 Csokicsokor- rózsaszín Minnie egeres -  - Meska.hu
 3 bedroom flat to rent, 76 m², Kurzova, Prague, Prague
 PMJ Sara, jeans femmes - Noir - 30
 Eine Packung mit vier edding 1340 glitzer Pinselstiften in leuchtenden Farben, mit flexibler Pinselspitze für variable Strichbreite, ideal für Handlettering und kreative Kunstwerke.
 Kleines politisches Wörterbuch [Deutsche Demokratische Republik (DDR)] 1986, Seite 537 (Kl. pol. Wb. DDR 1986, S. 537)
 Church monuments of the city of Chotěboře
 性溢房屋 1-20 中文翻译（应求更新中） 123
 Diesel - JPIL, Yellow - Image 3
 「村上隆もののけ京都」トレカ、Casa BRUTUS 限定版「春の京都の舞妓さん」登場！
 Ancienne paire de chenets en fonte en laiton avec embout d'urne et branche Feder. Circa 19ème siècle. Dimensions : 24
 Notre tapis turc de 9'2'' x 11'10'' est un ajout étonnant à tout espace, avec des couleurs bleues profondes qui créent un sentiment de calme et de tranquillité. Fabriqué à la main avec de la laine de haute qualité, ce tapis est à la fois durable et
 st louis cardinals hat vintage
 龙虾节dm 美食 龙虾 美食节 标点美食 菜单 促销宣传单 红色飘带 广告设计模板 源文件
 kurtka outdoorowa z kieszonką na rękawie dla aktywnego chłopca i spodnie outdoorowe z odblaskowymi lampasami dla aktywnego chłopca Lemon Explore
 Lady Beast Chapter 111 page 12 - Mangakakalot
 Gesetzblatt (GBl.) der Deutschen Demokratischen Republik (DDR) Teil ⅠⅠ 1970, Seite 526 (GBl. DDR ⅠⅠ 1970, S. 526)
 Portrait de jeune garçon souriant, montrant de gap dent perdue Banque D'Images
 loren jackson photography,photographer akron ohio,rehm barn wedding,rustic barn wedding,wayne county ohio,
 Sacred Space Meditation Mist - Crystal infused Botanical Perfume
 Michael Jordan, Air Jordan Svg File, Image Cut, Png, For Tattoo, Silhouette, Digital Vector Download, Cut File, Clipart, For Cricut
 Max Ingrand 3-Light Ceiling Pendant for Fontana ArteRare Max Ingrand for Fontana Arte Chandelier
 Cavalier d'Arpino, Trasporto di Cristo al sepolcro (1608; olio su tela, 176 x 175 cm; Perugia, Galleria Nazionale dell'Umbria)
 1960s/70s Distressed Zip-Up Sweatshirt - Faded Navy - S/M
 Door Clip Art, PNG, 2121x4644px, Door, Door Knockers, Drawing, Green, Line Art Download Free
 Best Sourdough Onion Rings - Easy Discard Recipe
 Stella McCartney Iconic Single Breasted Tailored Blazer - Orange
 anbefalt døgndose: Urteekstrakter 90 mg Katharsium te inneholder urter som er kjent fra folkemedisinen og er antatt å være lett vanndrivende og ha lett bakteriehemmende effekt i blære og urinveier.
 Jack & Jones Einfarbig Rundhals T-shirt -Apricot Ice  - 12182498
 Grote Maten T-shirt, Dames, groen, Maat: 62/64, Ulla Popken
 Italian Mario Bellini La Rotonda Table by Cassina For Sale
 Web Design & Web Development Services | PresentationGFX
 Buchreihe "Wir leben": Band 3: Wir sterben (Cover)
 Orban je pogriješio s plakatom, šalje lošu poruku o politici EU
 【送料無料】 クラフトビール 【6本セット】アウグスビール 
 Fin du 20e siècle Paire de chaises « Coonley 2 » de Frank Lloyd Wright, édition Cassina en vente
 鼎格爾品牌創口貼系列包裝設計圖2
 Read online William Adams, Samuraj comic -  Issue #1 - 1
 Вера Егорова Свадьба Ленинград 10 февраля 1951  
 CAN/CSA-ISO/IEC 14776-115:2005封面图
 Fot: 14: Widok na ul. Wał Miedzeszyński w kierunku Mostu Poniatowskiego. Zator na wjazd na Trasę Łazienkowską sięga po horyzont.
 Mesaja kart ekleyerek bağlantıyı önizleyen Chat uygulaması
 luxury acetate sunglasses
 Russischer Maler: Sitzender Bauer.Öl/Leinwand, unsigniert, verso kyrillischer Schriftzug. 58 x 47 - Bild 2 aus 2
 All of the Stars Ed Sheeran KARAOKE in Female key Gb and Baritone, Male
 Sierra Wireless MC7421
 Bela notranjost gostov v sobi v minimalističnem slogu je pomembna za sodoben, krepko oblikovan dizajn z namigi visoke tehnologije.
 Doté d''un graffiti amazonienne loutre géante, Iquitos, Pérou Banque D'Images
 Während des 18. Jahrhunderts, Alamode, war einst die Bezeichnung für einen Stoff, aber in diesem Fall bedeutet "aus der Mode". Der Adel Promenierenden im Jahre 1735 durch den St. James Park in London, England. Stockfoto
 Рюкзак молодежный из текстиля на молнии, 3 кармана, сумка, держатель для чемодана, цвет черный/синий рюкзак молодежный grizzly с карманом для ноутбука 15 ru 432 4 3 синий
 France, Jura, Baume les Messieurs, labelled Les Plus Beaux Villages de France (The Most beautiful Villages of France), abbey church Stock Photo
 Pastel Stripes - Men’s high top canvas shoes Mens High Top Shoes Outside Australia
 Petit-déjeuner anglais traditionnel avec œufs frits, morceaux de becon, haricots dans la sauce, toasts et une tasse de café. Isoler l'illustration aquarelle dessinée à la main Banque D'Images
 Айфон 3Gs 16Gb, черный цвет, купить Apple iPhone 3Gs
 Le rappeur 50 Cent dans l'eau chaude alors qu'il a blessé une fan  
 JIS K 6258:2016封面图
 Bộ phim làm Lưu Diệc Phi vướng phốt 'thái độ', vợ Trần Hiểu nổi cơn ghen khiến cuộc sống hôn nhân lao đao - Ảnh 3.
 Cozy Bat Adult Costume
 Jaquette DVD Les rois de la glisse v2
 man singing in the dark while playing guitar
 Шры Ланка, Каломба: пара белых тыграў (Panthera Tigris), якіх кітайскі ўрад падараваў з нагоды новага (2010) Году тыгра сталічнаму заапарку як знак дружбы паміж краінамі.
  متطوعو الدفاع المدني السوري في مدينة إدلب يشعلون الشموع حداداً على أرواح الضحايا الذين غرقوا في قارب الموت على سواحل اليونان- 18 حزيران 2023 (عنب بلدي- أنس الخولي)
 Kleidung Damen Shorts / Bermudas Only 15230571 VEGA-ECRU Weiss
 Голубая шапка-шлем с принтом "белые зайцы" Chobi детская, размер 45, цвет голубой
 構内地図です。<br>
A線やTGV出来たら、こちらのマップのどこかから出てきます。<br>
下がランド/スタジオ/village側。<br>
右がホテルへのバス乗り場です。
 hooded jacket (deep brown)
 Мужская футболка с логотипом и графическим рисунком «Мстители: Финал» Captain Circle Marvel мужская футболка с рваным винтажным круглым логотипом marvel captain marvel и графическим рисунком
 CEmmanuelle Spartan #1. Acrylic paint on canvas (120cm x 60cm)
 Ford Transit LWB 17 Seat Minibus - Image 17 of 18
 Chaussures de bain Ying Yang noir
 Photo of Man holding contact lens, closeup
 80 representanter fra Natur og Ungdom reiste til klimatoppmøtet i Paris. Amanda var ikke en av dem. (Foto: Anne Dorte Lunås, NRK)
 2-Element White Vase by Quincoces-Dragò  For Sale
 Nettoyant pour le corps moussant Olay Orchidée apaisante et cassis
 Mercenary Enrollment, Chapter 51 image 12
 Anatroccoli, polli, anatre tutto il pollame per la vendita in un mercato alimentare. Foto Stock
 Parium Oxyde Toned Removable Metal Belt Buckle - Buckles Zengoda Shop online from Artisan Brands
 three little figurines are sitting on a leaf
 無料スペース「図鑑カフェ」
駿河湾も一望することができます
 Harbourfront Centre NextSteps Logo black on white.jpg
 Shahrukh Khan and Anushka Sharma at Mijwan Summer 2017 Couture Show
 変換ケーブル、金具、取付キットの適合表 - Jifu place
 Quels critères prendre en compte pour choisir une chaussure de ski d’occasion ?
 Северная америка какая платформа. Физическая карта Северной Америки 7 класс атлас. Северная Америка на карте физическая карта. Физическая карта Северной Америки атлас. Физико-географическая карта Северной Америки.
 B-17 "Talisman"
____________________
- _EXERCISE OBJECTIVE_
All that should be written out is the stretch of lines above between the one holding "Wir sterben (Cover)" and the one holding "Вера Егорова Свадьба", inclusive, exactly as given.

- _TASK RESPONSE_
 Buchreihe "Wir leben": Band 3: Wir sterben (Cover)
 Orban je pogriješio s plakatom, šalje lošu poruku o politici EU
 【送料無料】 クラフトビール 【6本セット】アウグスビール 
 Fin du 20e siècle Paire de chaises « Coonley 2 » de Frank Lloyd Wright, édition Cassina en vente
 鼎格爾品牌創口貼系列包裝設計圖2
 Read online William Adams, Samuraj comic -  Issue #1 - 1
 Вера Егорова Свадьба Ленинград 10 февраля 1951  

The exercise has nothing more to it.